Maximum of minimum for every window size
Problem Statement - link #
Given an integer array. The task is to find the maximum of the minimum of every window size in the array. Note: Window size varies from 1 to the size of the Array.
Your Task: The task is to complete the function maxOfMin() which takes the array arr[] and its size N as inputs and finds the maximum of minimum of every window size and returns an array containing the result.
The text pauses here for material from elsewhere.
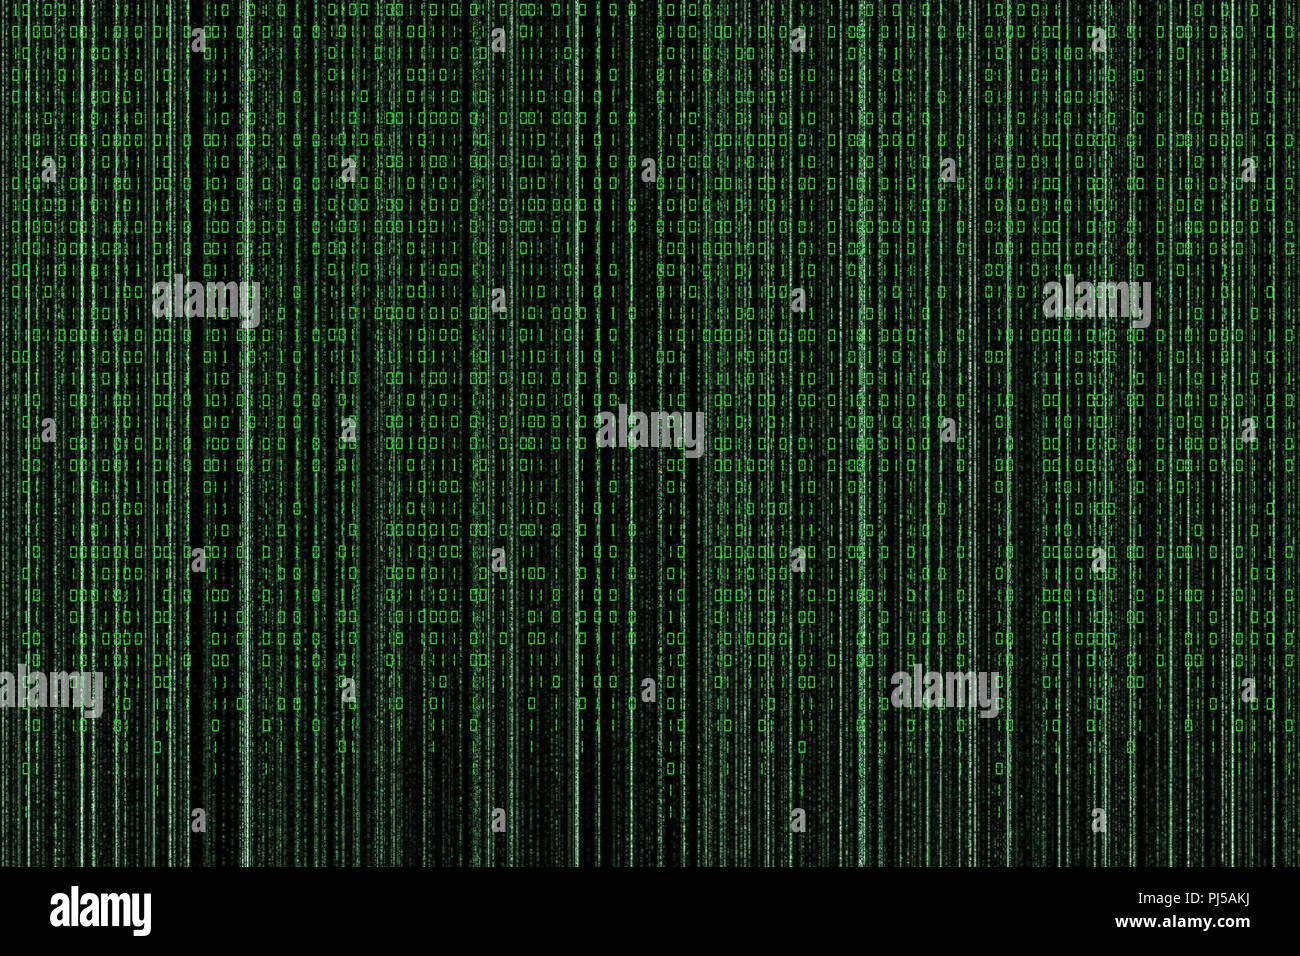 Numeri In Calo Immagini Numeri In Calo Fotos Stock Alamy

Expected Time Complexity: O(N) Expected Auxiliary Space: O(N)
Examples #
Example 1:
Input:
N = 7
arr[] = {10,20,30,50,10,70,30}
Output: 70 30 20 10 10 10 10
Explanation:
1.First element in output
indicates maximum of minimums of all
windows of size 1.
2.Minimums of windows of size 1 are {10},
{20}, {30}, {50},{10}, {70} and {30}.
Maximum of these minimums is 70.
3. Second element in output indicates
maximum of minimums of all windows of
size 2.
4. Minimums of windows of size 2
are {10}, {20}, {30}, {10}, {10}, and
{30}.
5. Maximum of these minimums is 30
Third element in output indicates
maximum of minimums of all windows of
size 3.
6. Minimums of windows of size 3
are {10}, {20}, {10}, {10} and {10}.
7.Maximum of these minimums is 20.
Similarly other elements of output are
computed.
Example 2:
Input:
N = 3
arr[] = {10,20,30}
Output: 30 20 10
Explanation: First element in output
indicates maximum of minimums of all
windows of size 1.Minimums of windows
of size 1 are {10} , {20} , {30}.
Maximum of these minimums are 30 and
similarly other outputs can be computed
Constraints #
1 <= N <= 10^51 <= arr[i] <= 10^6
Solutions #
class Solution{
public:
//Function to find maximum of minimums of every window size.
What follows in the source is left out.